**** Material provided
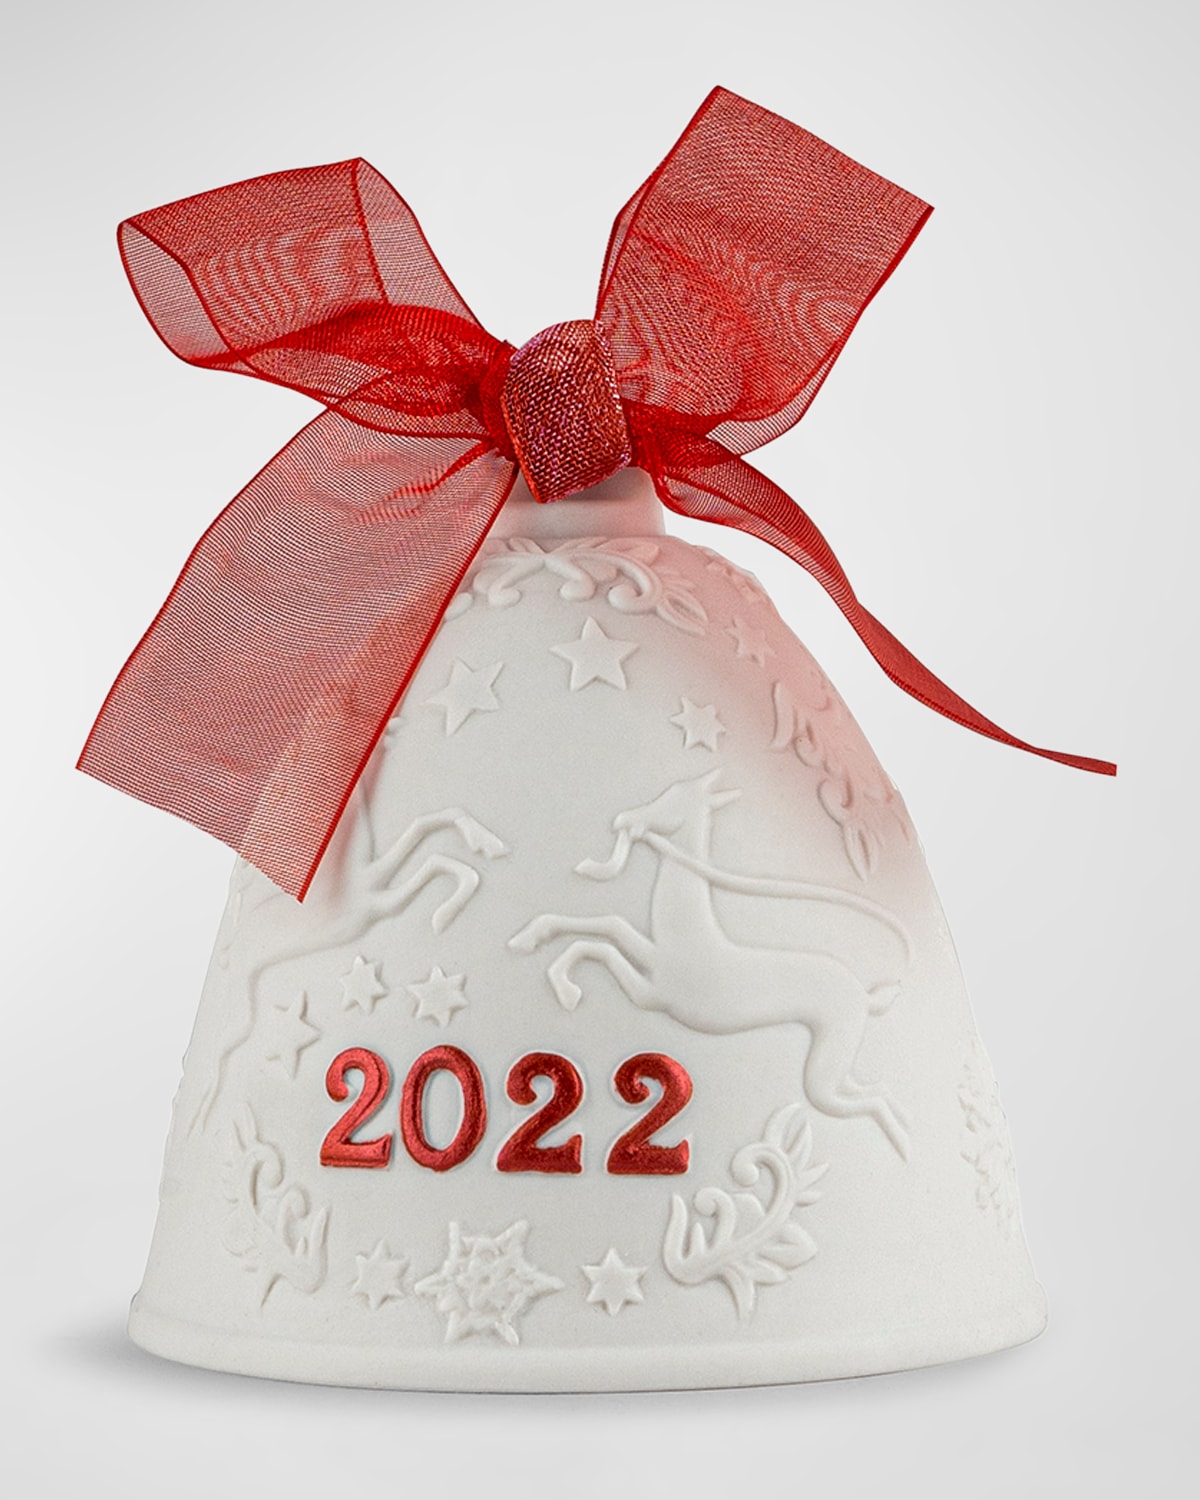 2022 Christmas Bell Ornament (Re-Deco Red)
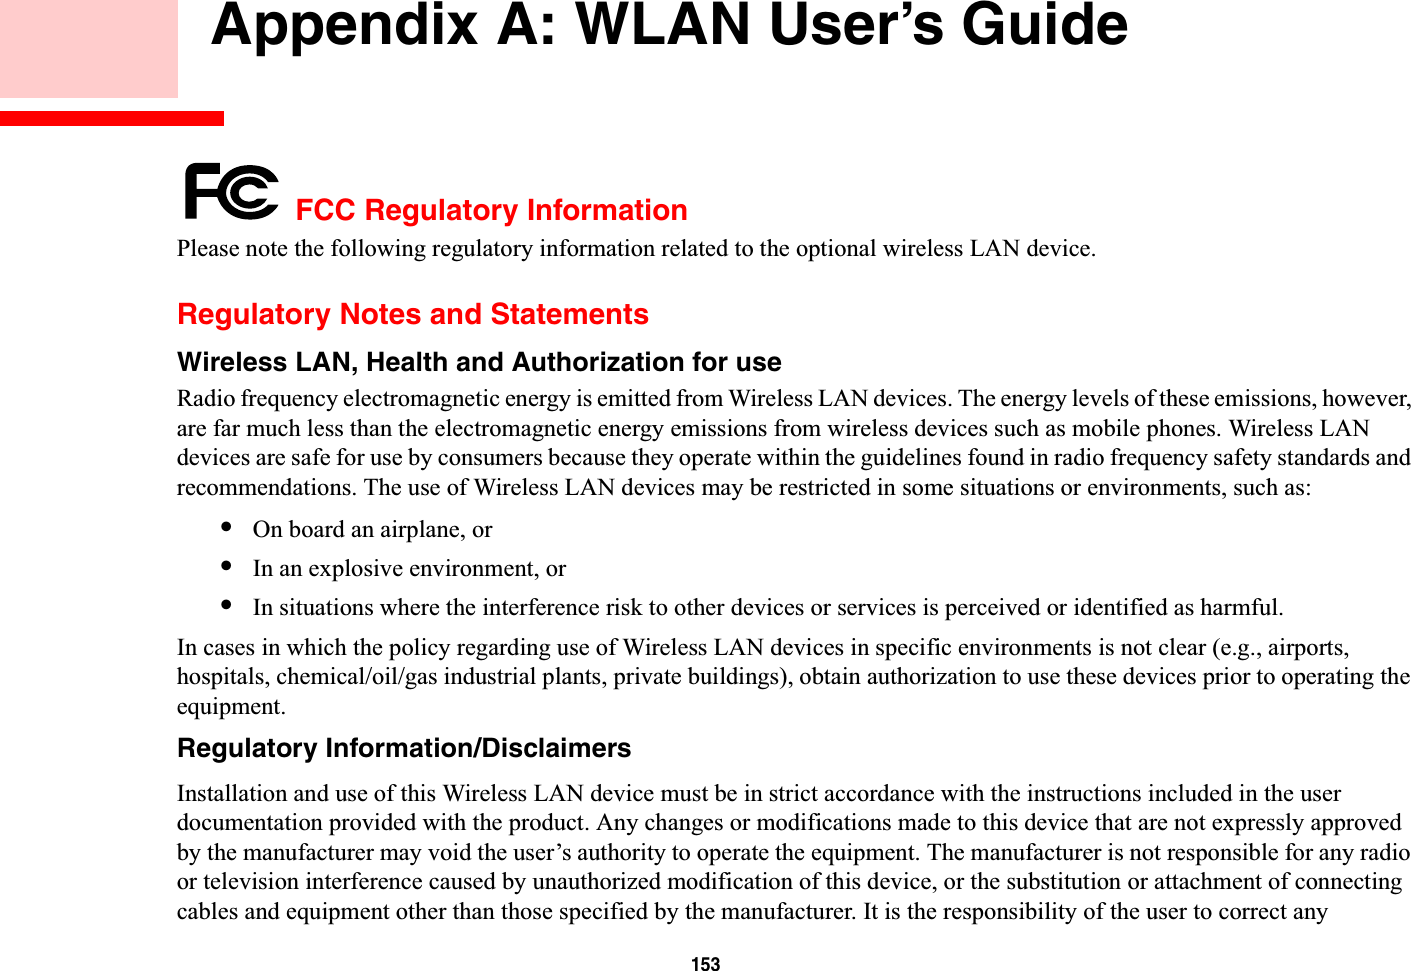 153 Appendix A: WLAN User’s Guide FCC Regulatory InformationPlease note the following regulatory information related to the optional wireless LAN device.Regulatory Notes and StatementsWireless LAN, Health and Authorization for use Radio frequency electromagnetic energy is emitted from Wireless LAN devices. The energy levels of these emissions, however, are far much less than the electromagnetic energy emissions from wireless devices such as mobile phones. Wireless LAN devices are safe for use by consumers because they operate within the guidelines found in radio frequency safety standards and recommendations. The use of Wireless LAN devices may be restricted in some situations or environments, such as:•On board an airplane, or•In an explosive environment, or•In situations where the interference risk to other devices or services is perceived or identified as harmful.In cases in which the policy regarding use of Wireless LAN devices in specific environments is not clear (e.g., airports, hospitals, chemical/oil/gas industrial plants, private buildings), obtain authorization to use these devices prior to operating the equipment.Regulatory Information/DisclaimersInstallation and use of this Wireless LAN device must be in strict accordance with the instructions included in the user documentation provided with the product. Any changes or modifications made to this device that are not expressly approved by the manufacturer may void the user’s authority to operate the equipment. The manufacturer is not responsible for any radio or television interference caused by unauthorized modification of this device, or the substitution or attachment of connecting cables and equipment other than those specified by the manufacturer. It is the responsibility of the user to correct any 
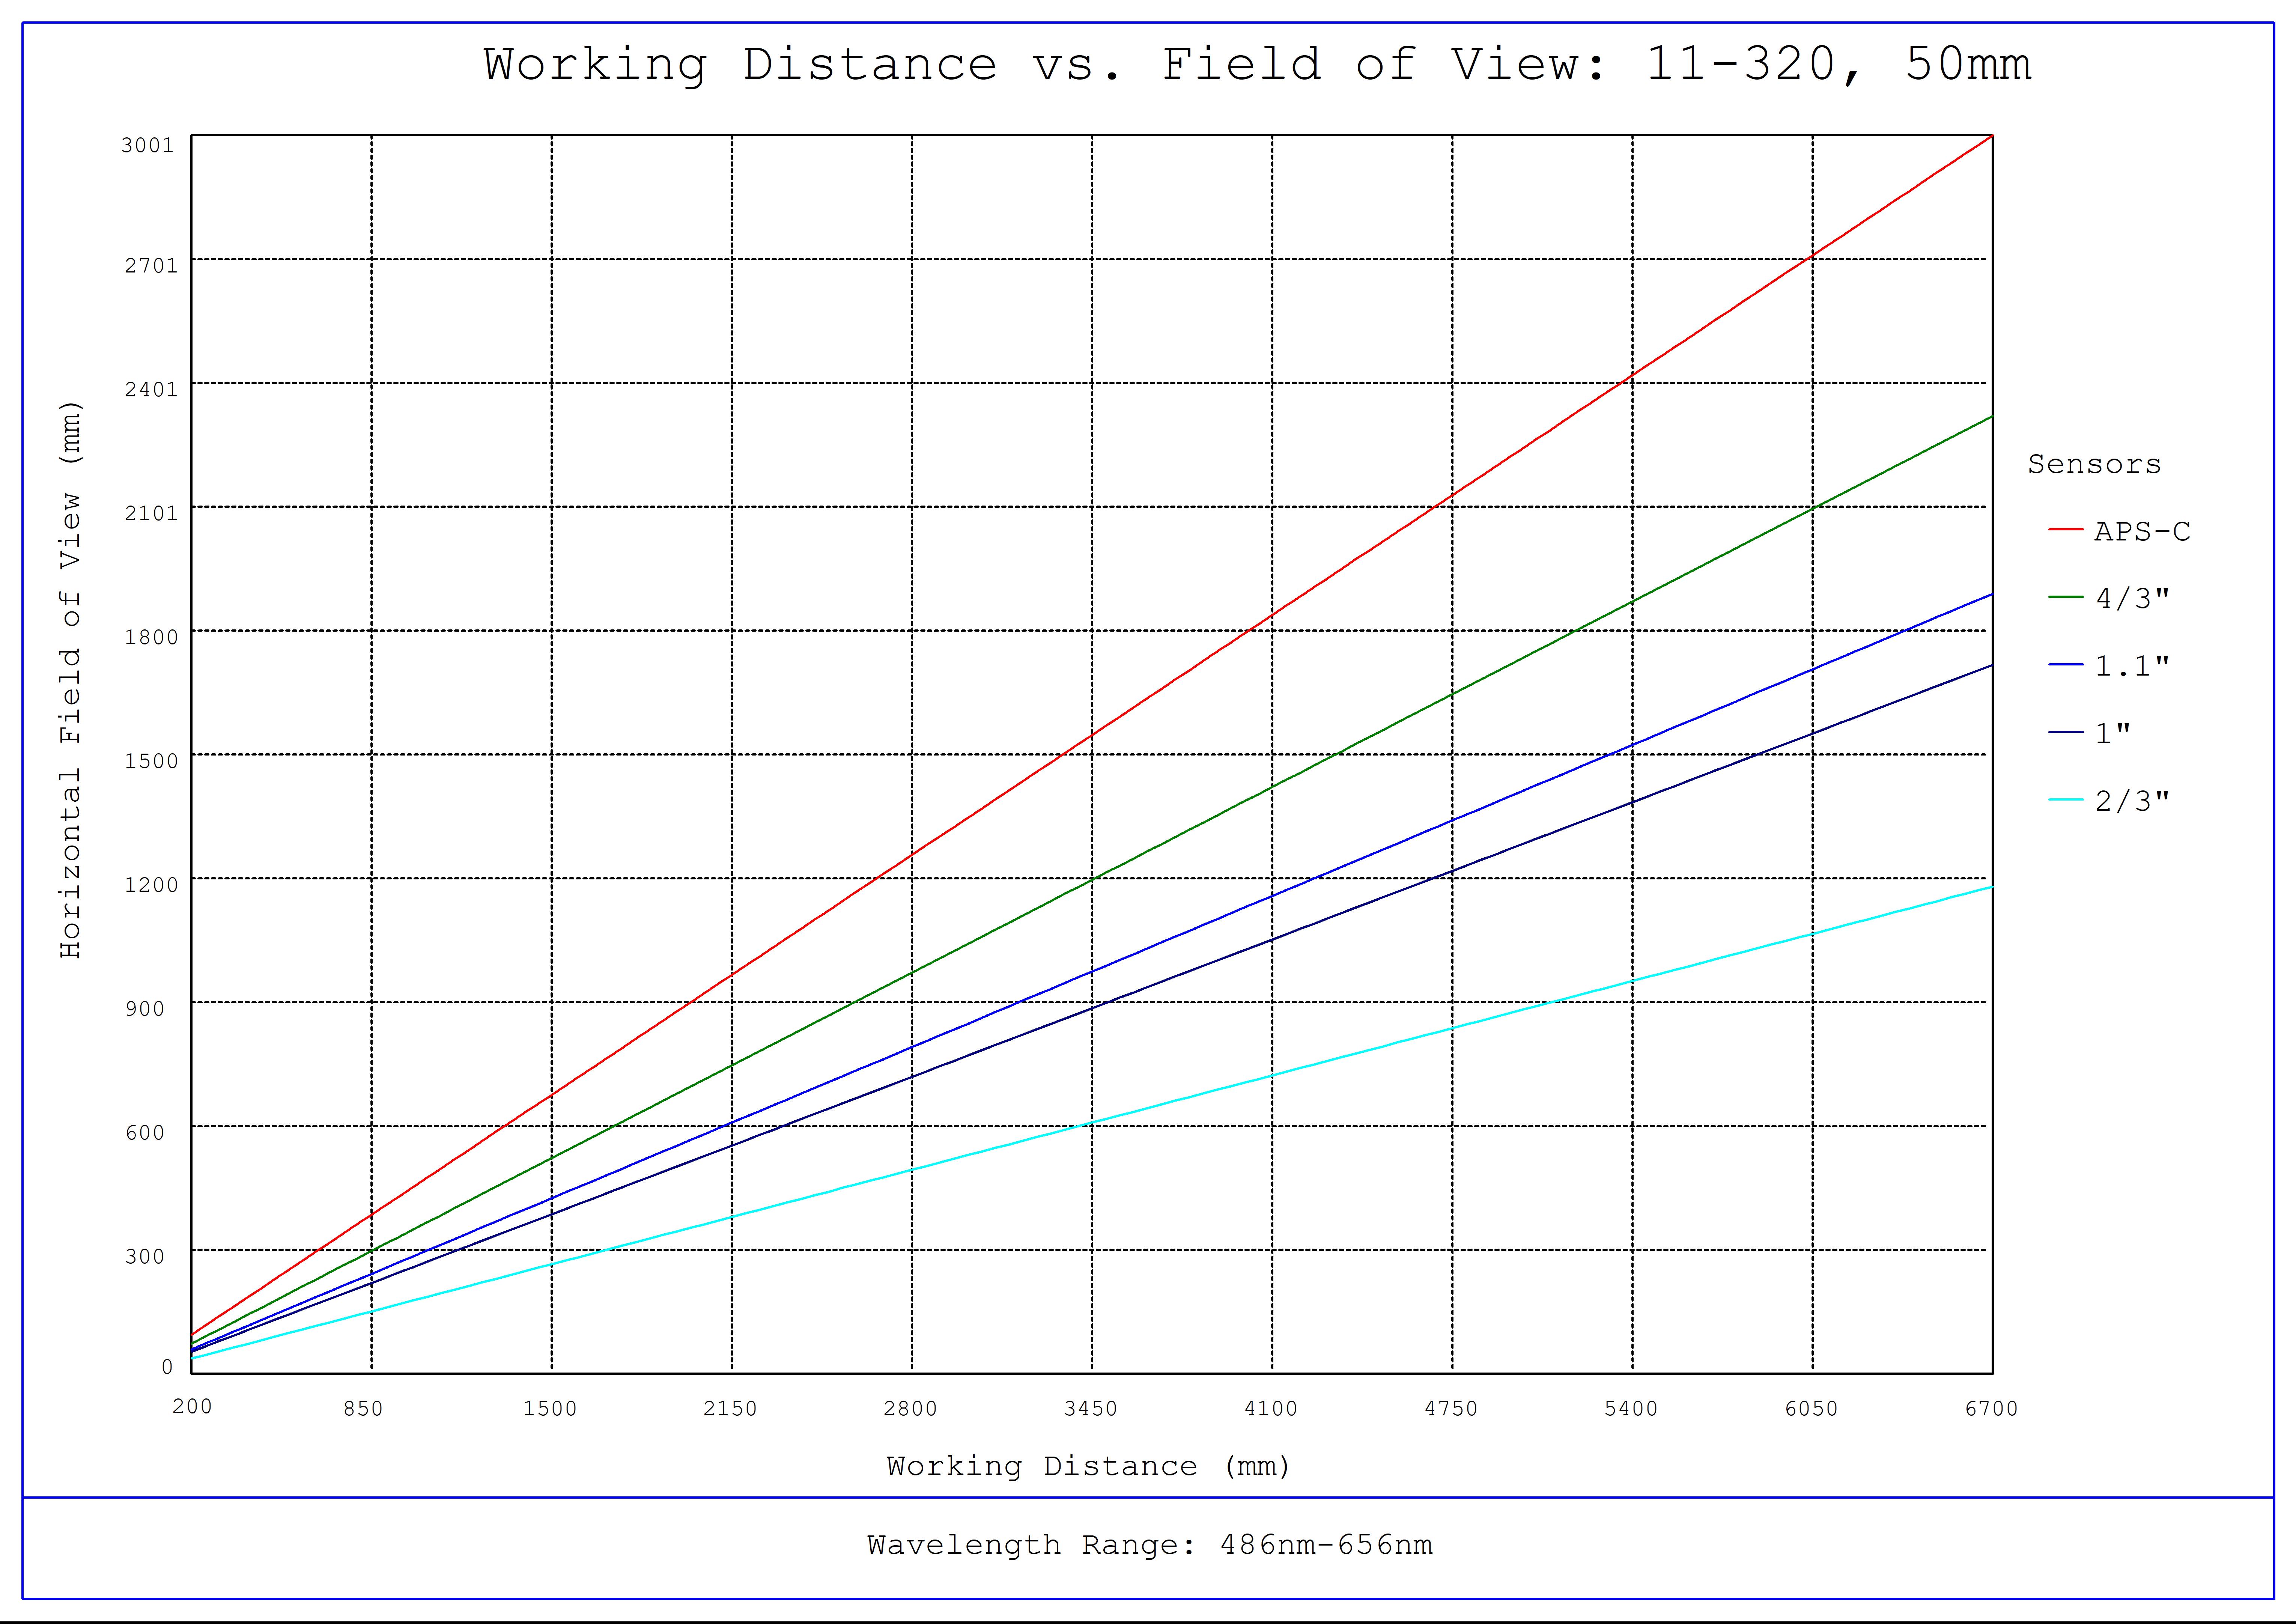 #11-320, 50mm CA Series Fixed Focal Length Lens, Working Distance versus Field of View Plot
********
What you have to do
Leaving the pictures out, give back each line above exactly.

Answer to the exercise
 2022 Christmas Bell Ornament (Re-Deco Red)
 153 Appendix A: WLAN User’s Guide FCC Regulatory InformationPlease note the following regulatory information related to the optional wireless LAN device.Regulatory Notes and StatementsWireless LAN, Health and Authorization for use Radio frequency electromagnetic energy is emitted from Wireless LAN devices. The energy levels of these emissions, however, are far much less than the electromagnetic energy emissions from wireless devices such as mobile phones. Wireless LAN devices are safe for use by consumers because they operate within the guidelines found in radio frequency safety standards and recommendations. The use of Wireless LAN devices may be restricted in some situations or environments, such as:•On board an airplane, or•In an explosive environment, or•In situations where the interference risk to other devices or services is perceived or identified as harmful.In cases in which the policy regarding use of Wireless LAN devices in specific environments is not clear (e.g., airports, hospitals, chemical/oil/gas industrial plants, private buildings), obtain authorization to use these devices prior to operating the equipment.Regulatory Information/DisclaimersInstallation and use of this Wireless LAN device must be in strict accordance with the instructions included in the user documentation provided with the product. Any changes or modifications made to this device that are not expressly approved by the manufacturer may void the user’s authority to operate the equipment. The manufacturer is not responsible for any radio or television interference caused by unauthorized modification of this device, or the substitution or attachment of connecting cables and equipment other than those specified by the manufacturer. It is the responsibility of the user to correct any 
 #11-320, 50mm CA Series Fixed Focal Length Lens, Working Distance versus Field of View Plot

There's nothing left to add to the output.